金原ひとみ『蛇にピアス』読書感想文

本書は映画版を少し前に観たため、映画版キャストの顔が読んでいる中でありありとイメージされ、先に派生版に目を通すことの危険性が自分の中で示唆された…
とりあえず余韻がすごいのでそれを整理するように書き殴った感想文を述べていく。

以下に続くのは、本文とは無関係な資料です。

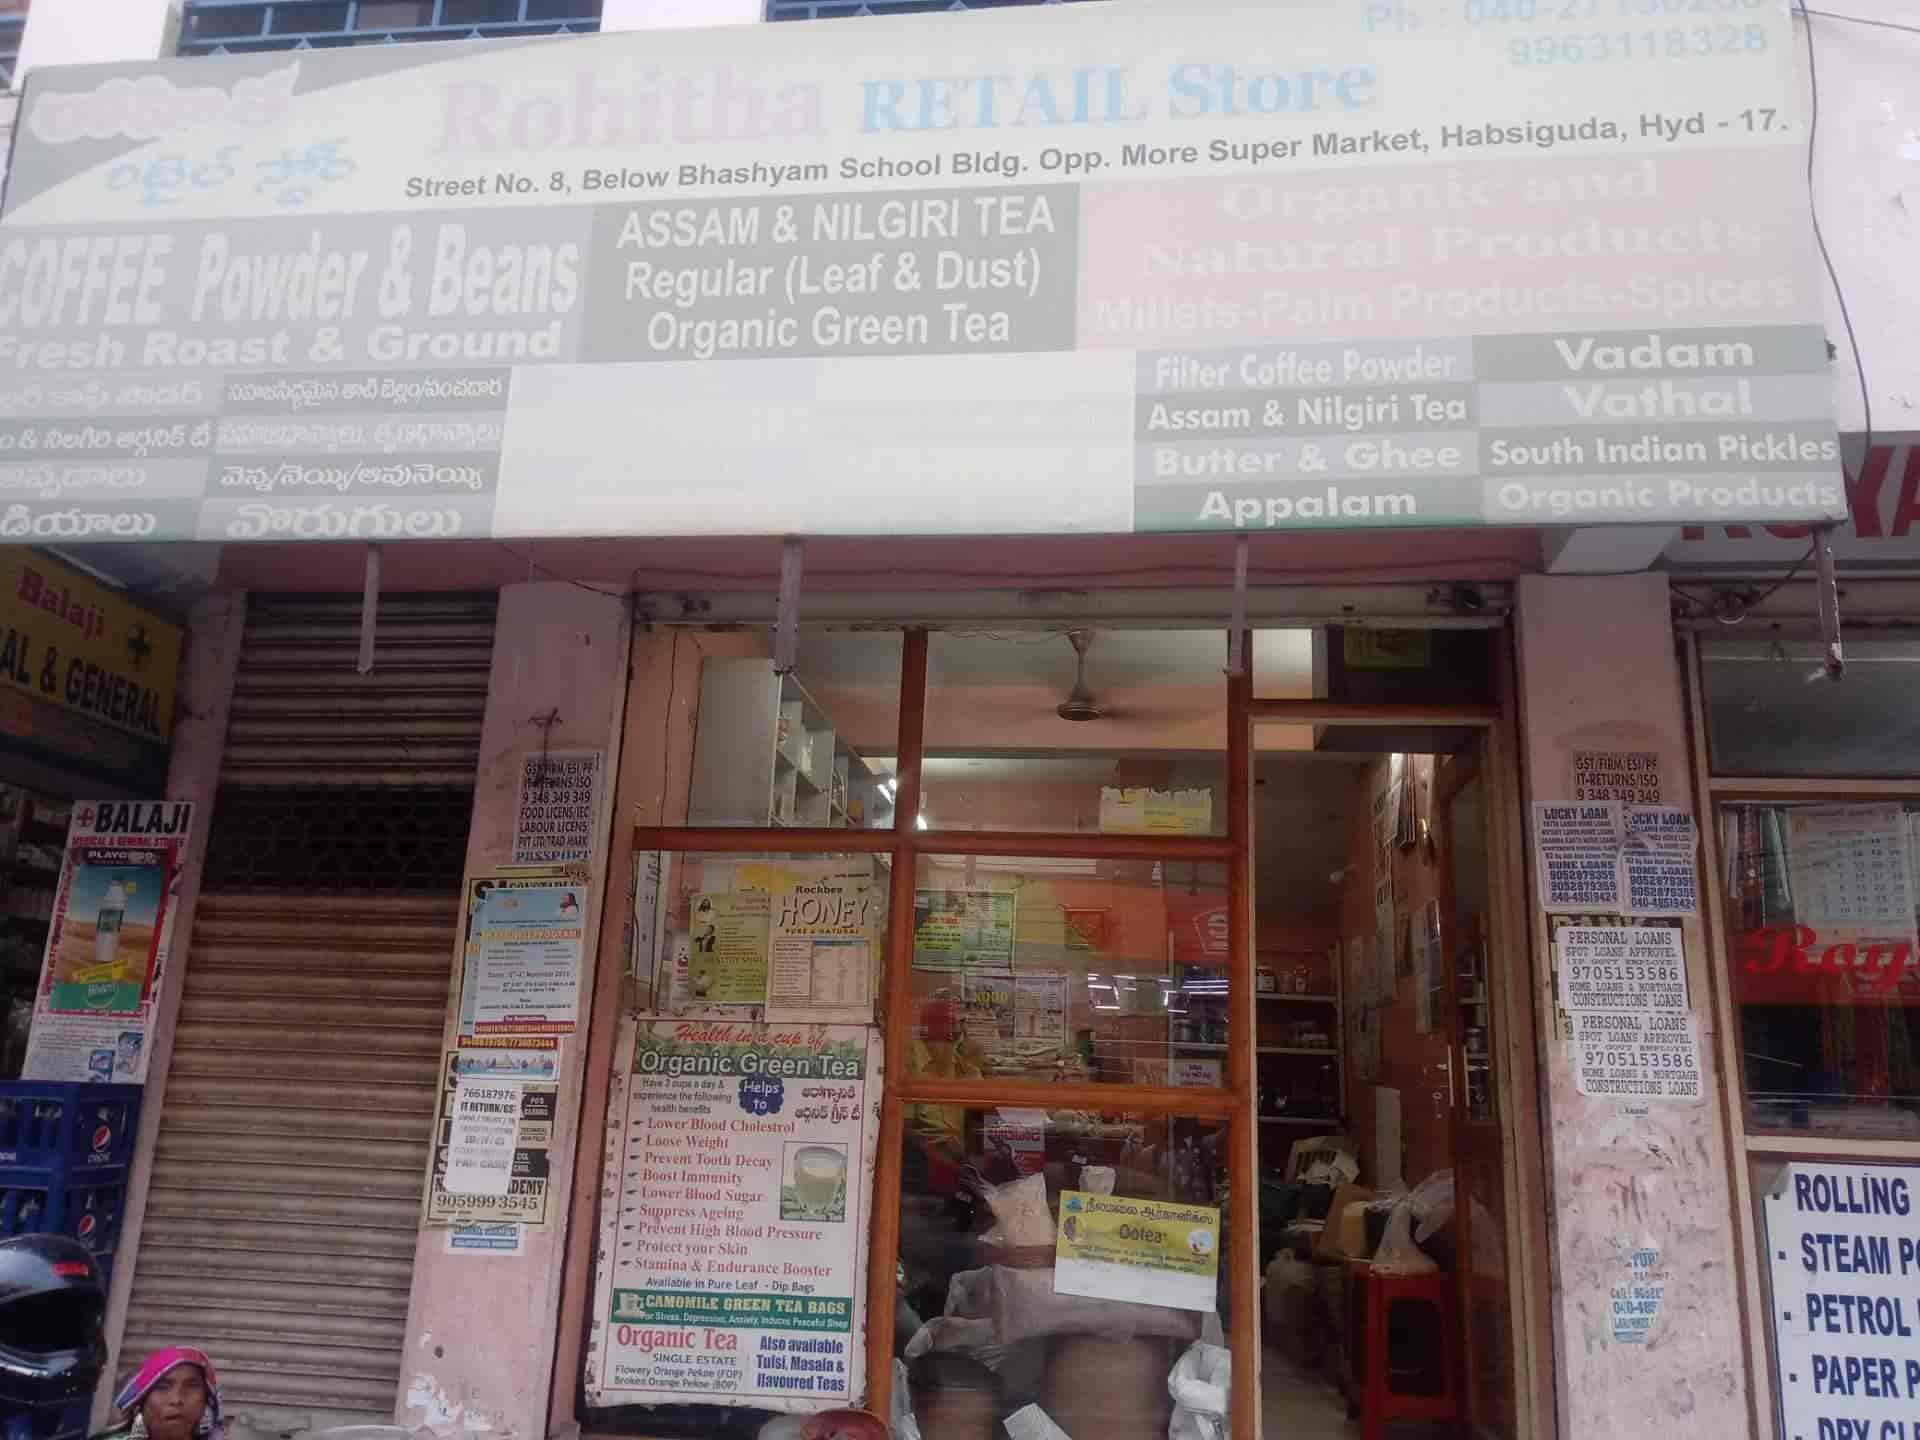 Rohita Retail Store, Habsiguda - Grocery Stores in Hyderabad

機会があればまた読み直したいと思うが結構重かったので再読の腰は重い予感。


この本のすごいところ

あくまでも読者が読めるのは「語り手の主観から通した世界のみ」という小説の持ち味を最大限に活かしている
例 ルイのセリフ→孤児に見えるみたいだが、親子関係に問題はない、埼玉に住んでる「んじゃないかな」←一般的に、親子関係に問題がない未成年は親の居住地を断定できるため、主人公ルイは主観的に見ると親子関係に問題がないが、客観的に見ると親子関係に問題があるといえること など

この本から導ける主題

体に傷を入れることは所有欲の現れ
主観という幻想の中で生きる人間たち


伏線

ルイのM→所有されたい→親に満足に所有されなかったことが関係している?など

以下感想文(殴り書き)
覚書程度のものです

憧れを所有したいという気持ち、部位に憧れを持っていた男にベタ惚れされる女はその男を所有した気になるが、所有していなかったこと(後半でアマがいなくなり捕まったのかもしれないことよりも、アマが自分に何も告げずにいなくなったことにショックを感じているルイ)を実感する しかしその後その男の死を知り、ルイはアマに非所有↔︎所有の枠を超え、なおかつそのどちらでもない「存在の消滅」を認識し、上記で感じた「非所有」の事実をも消し去ることが可能になる。その後アマとの愛の証であった歯を砕き飲み込むことでルイはアマを「所有」(同一化)することを再達成する。その後さらに憧れであったアマの部位であるスプリットタンと、同じく憧れであったアマとシバの「コラボ」のタトゥーをも自分の身体に完成させるルイはその姿に全ての憧れの「所有」(同一化)をみたところでなんだか前向きに生きようというメッセージ性を含めたように感じられながら物語は最終ページを迎えるが、個人的に結局全てを所有したのはシバであったように思う。シバがアマを殺し、その後シバがルイを所有することに成功したことはシバが任意の者を思い通りに動かせる「神のような」支配者であることを示唆することはもちろん、それに気付きながらもアマの暴力団との事件の時のアフターフォロー同様、シバの外見を変えさせることで「警察から匿う」ルイの姿はシバを所有しているようで、シバの所有の下に置かれているからこその慈悲であるからだ。
個人的には結局この物語を「所有」と恋愛の論を繰り広げるものではなく、人間が必ず持つ主観というメガネの脆弱性と危険性を表したものだと感じた。
例えばこの物語の重要なキーワードとなった「所有」だが、生活の中で所有している、所有されている、の概念は本当に存在するのだろうか。人間関係の中でも主従関係が存在していて、主従関係は所有と被所有と通づるものがあると考えられるが、それを存在していないと考える人の中では当然存在していない。「見なければ、見えない」私たちは主観というメガネの中で生活を送っていて、それは一生自分が自分である限り何があっても外れることがないという当たり前のことが提示される。誰が所有されていて、誰が誰を所有しているか。見えない概念は曖昧で、主観的なものでしかない。私たちは生活の中で、そのような自分だけのメガネの中での見えない概念に囚われすぎているのかもしれない。